Even with your example of a matrix multiplication, there is still a lot to figure out. For one thing, you usually have to fold the multiplication bec ause you don't have the resources to do the whole thing in parallel. The M atlab->gates tool that I used once is long gone.

I just spent several days implementing a design that I modeled in two lines of Matlab code. For a tool to have converted those two lines into a good hardware implementation would've been difficult.

Reply to
Kevin Neilson

The high-level design tools I've used weren't very abstracted. To make something work well, I had to keep moving to lower levels of abstraction. In tool that was supposed to be high-level I found myself instantiating DSP48s. Not very abstract.

Reply to
Kevin Neilson

I agree, you can't expect the tool to just do it - there are many things that need to be tweaked.

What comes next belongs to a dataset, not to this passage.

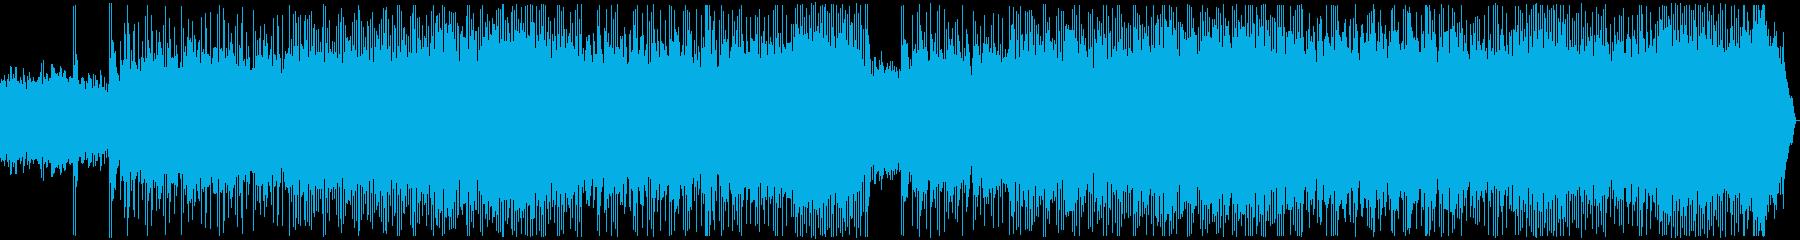 メタル戦闘曲 バトルフィールド ロング版の再生済みの波形

But those are architectural design choices, which are different from writing Verilog or VHDL. By all means expose the tradeoffs to the designer in a way they understand, just don't make them write HDL. Software folks are familiar with the idea of different data structures having difference performance qualities. But by and large a serial 'program' isn't a helpful way to expose tradeoffs to either the software or hardware engineer.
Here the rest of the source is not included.